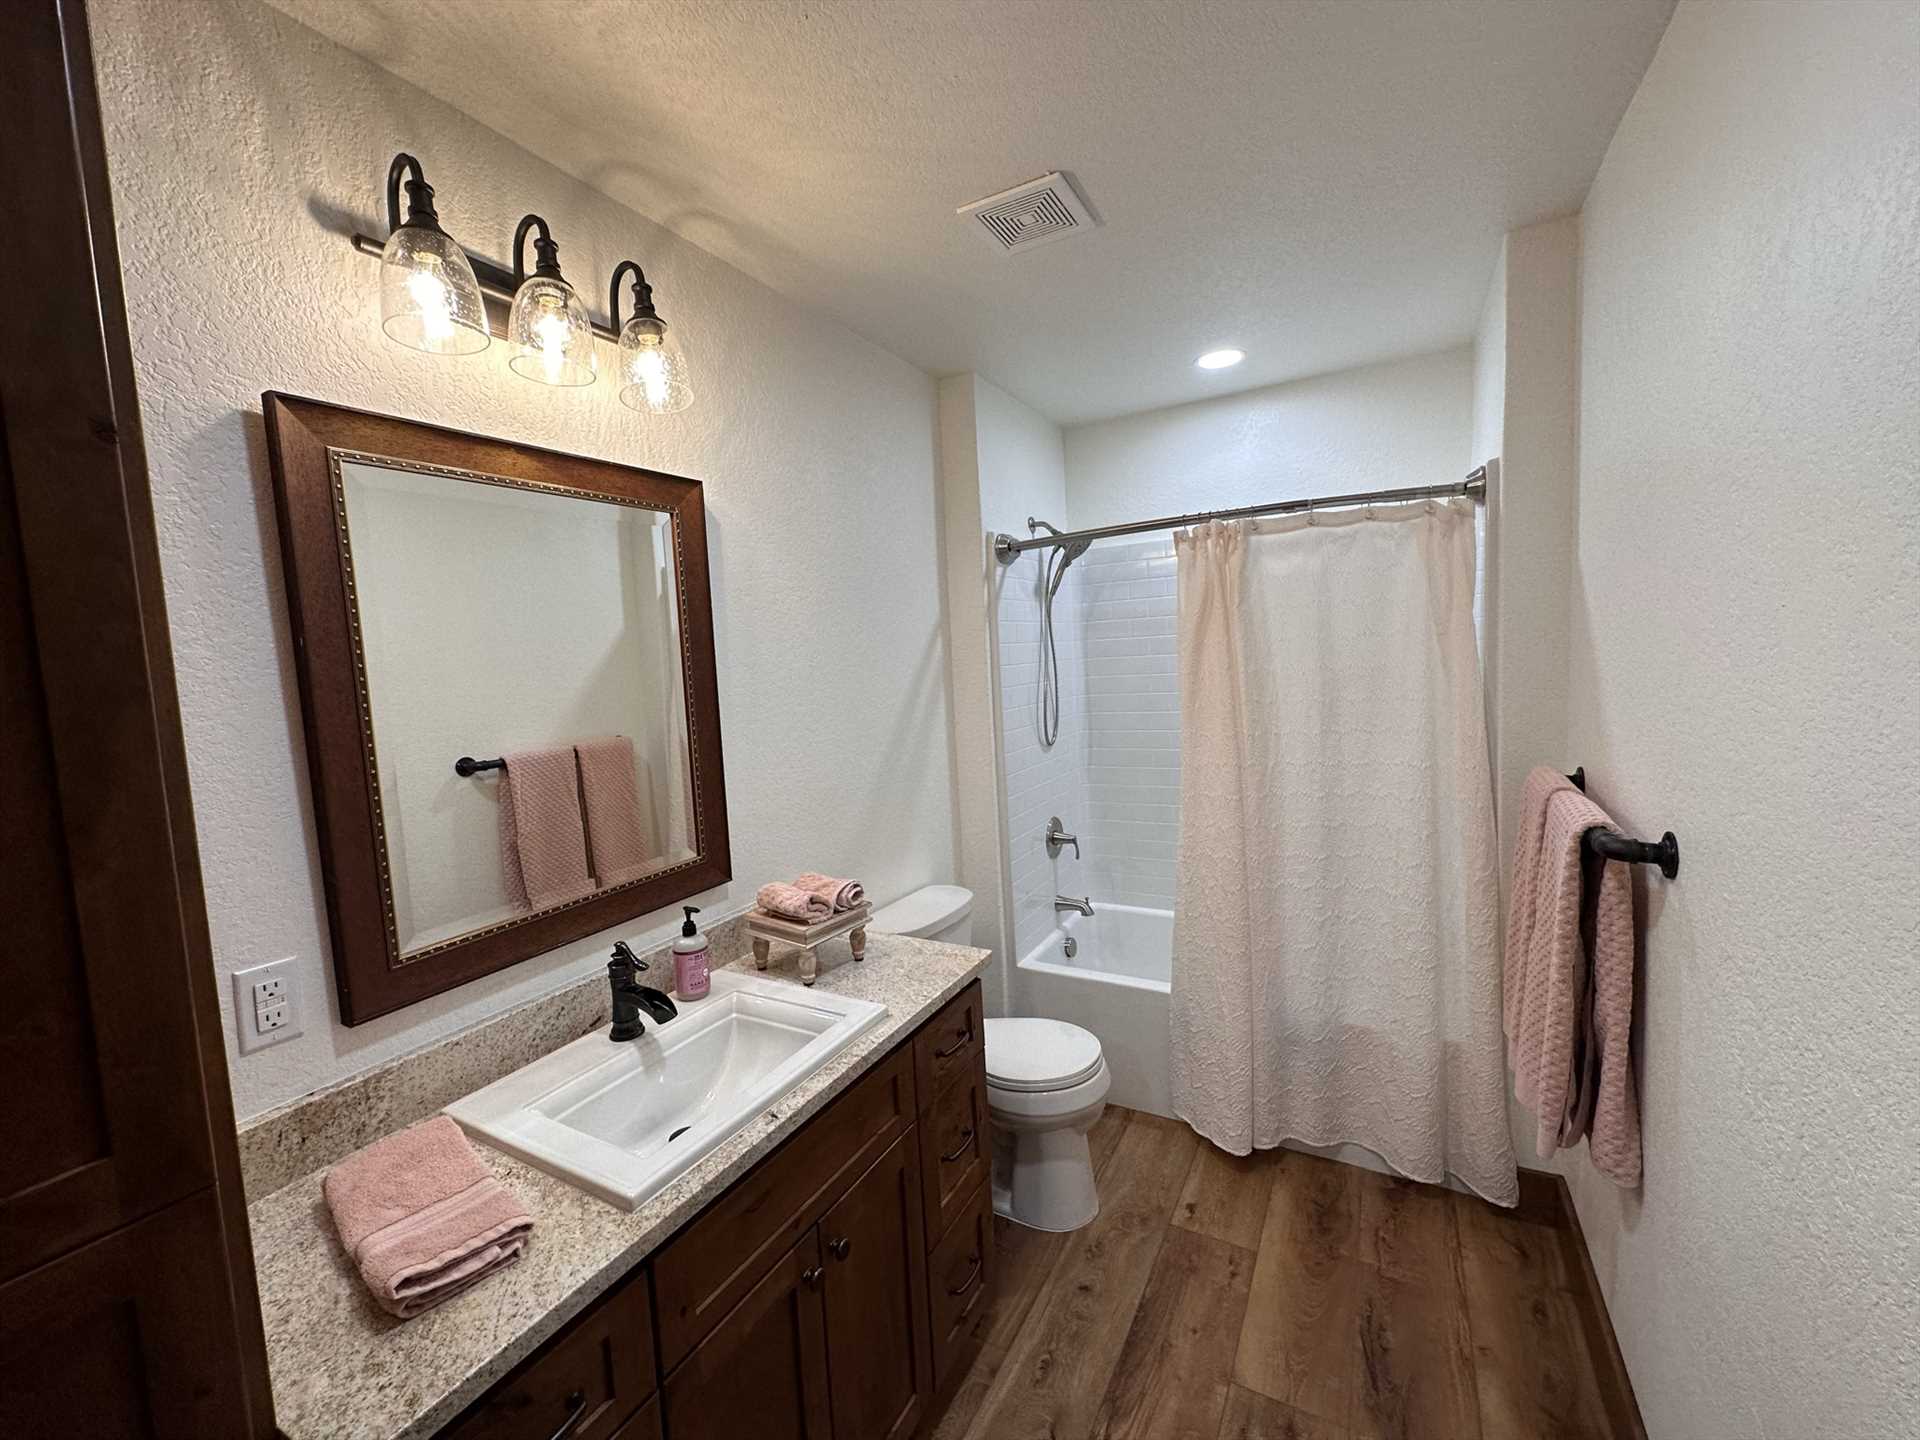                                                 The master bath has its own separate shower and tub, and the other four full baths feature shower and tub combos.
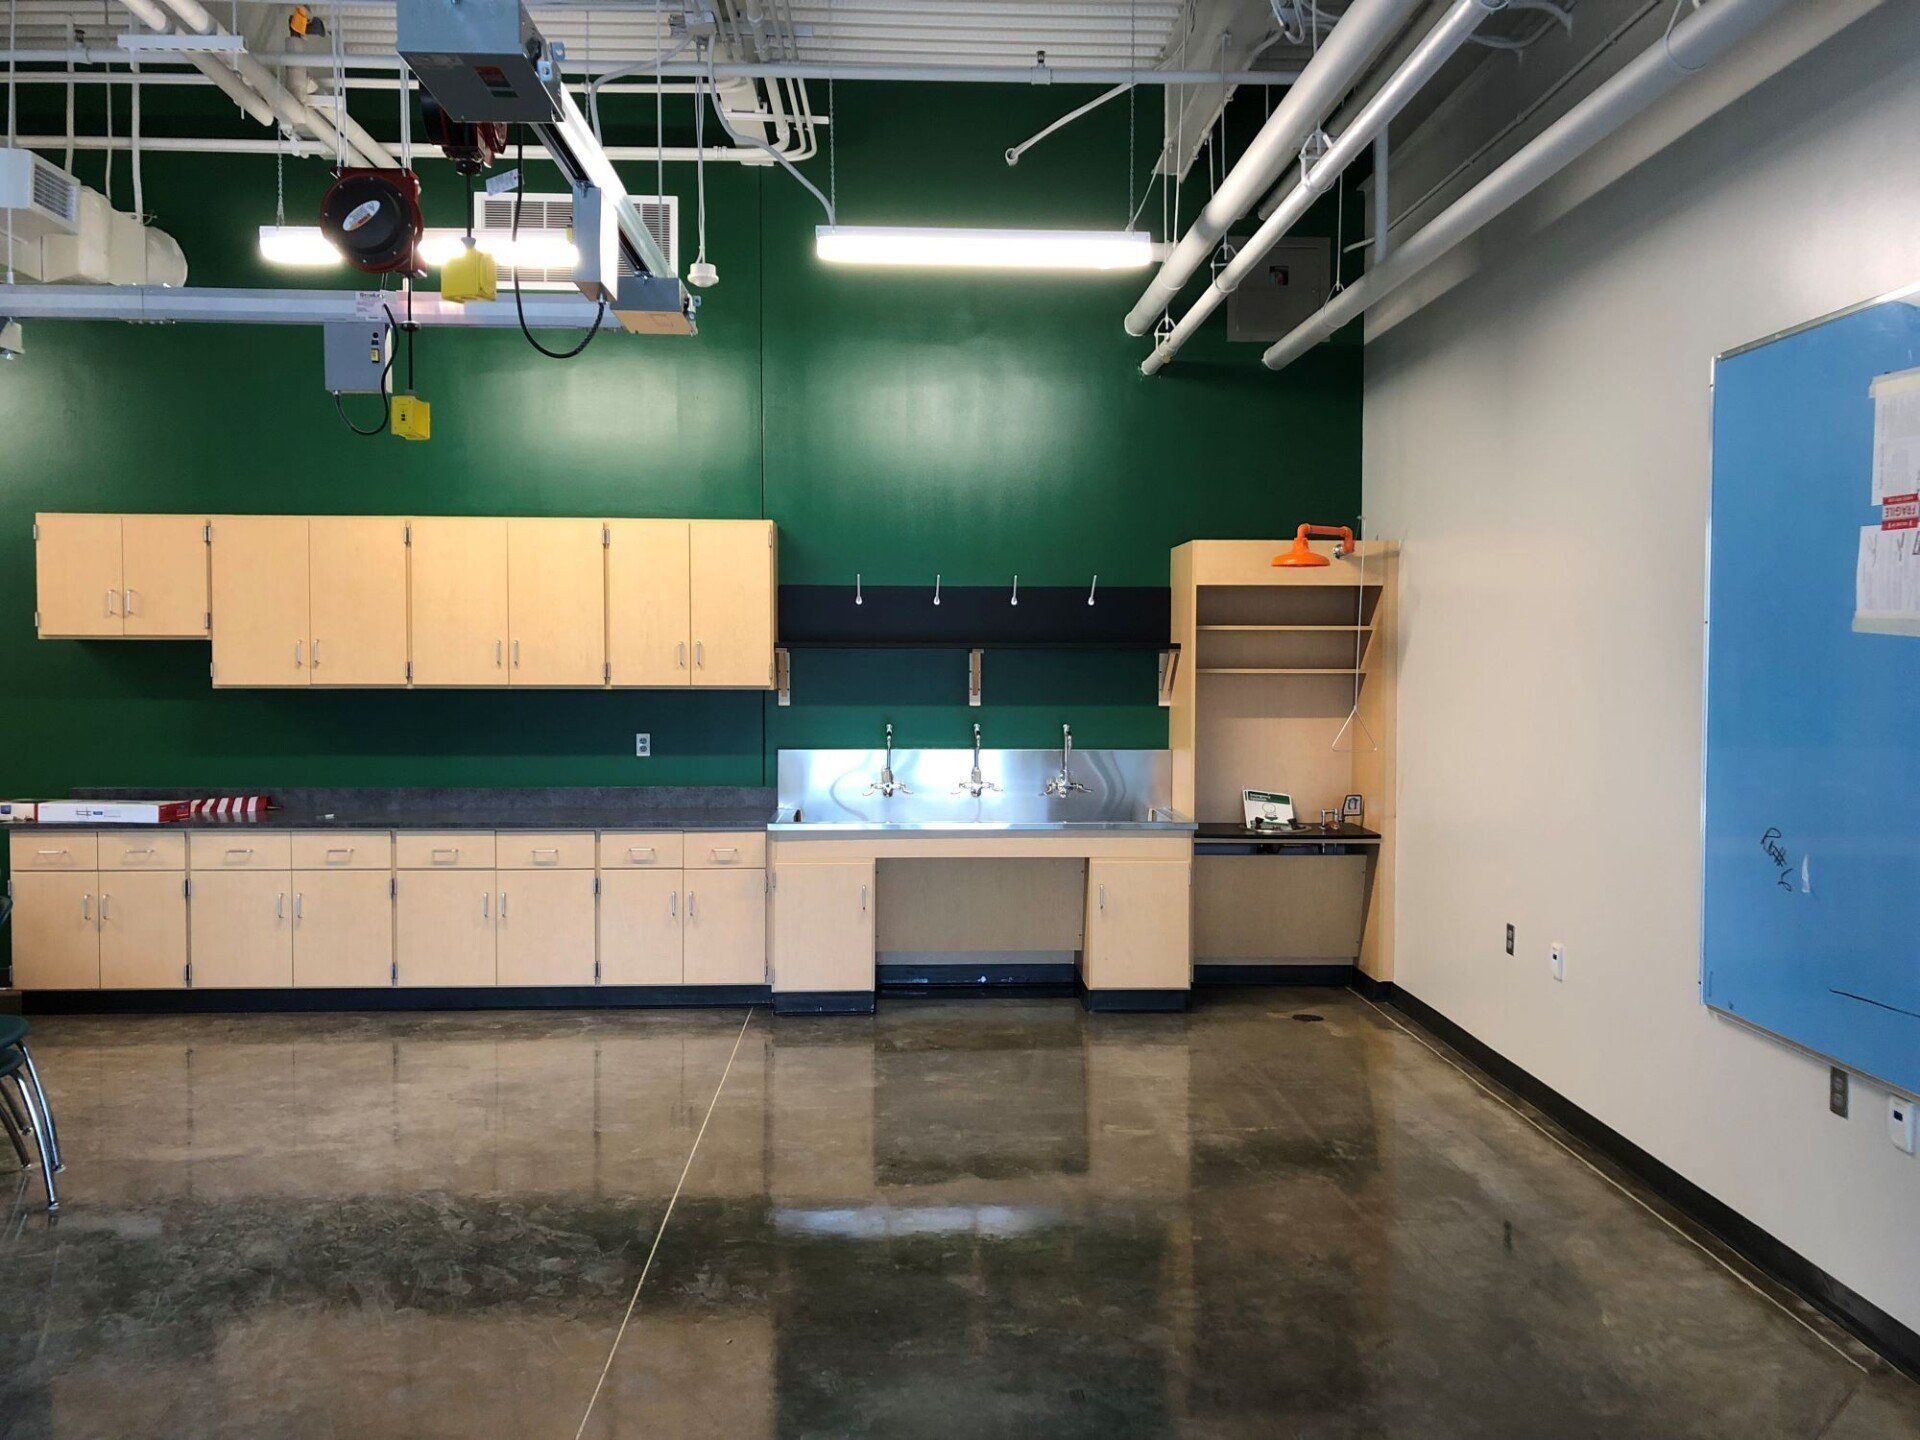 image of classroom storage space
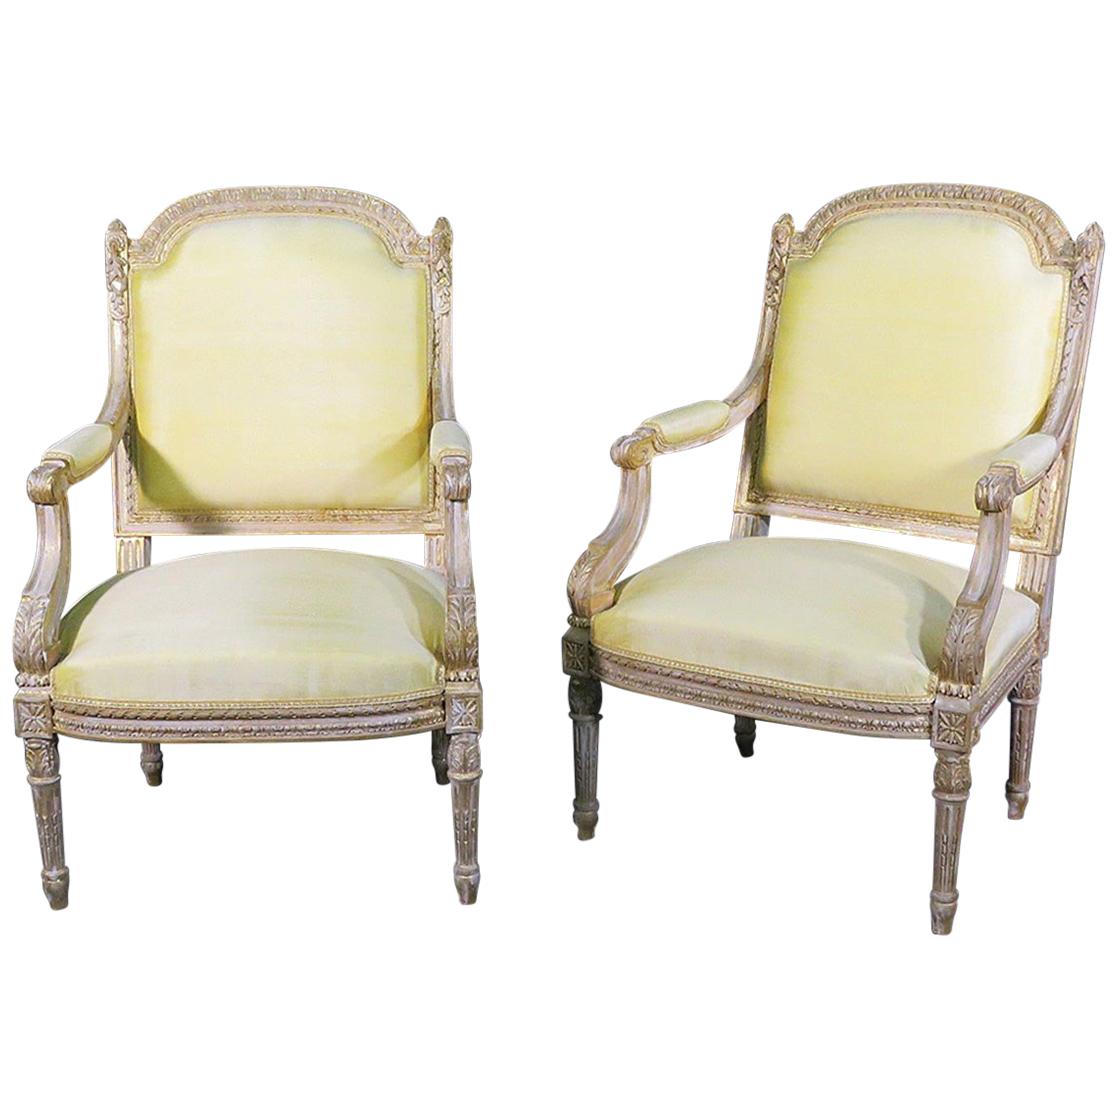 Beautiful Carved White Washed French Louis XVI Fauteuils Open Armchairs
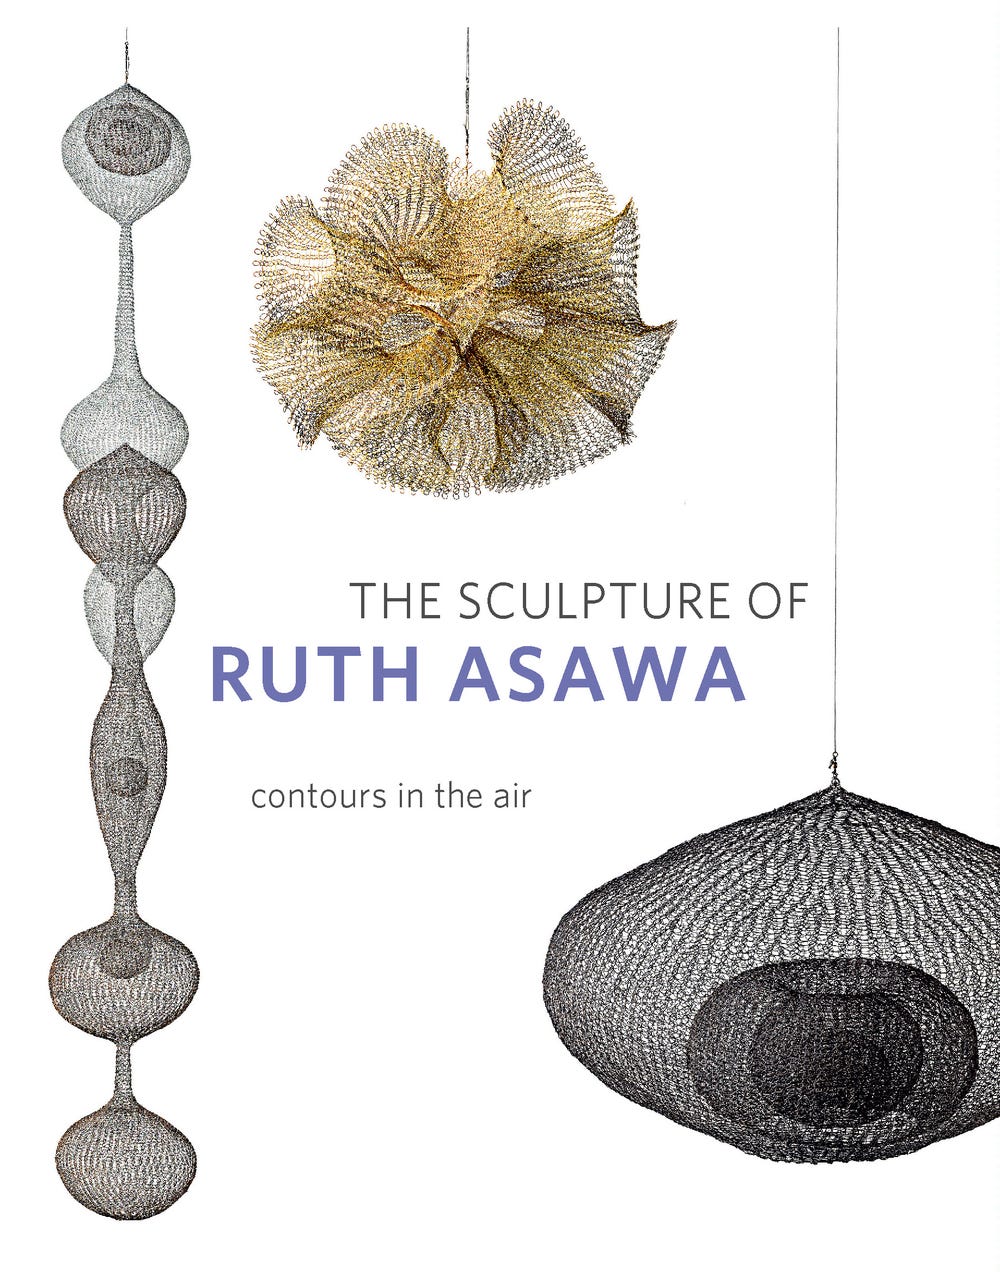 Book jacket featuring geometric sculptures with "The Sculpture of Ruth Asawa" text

## Exercise details
Retype the listing above exactly, pictures excluded.

## Result of the task
                                                 The master bath has its own separate shower and tub, and the other four full baths feature shower and tub combos.
 image of classroom storage space
 Beautiful Carved White Washed French Louis XVI Fauteuils Open Armchairs
 Book jacket featuring geometric sculptures with "The Sculpture of Ruth Asawa" text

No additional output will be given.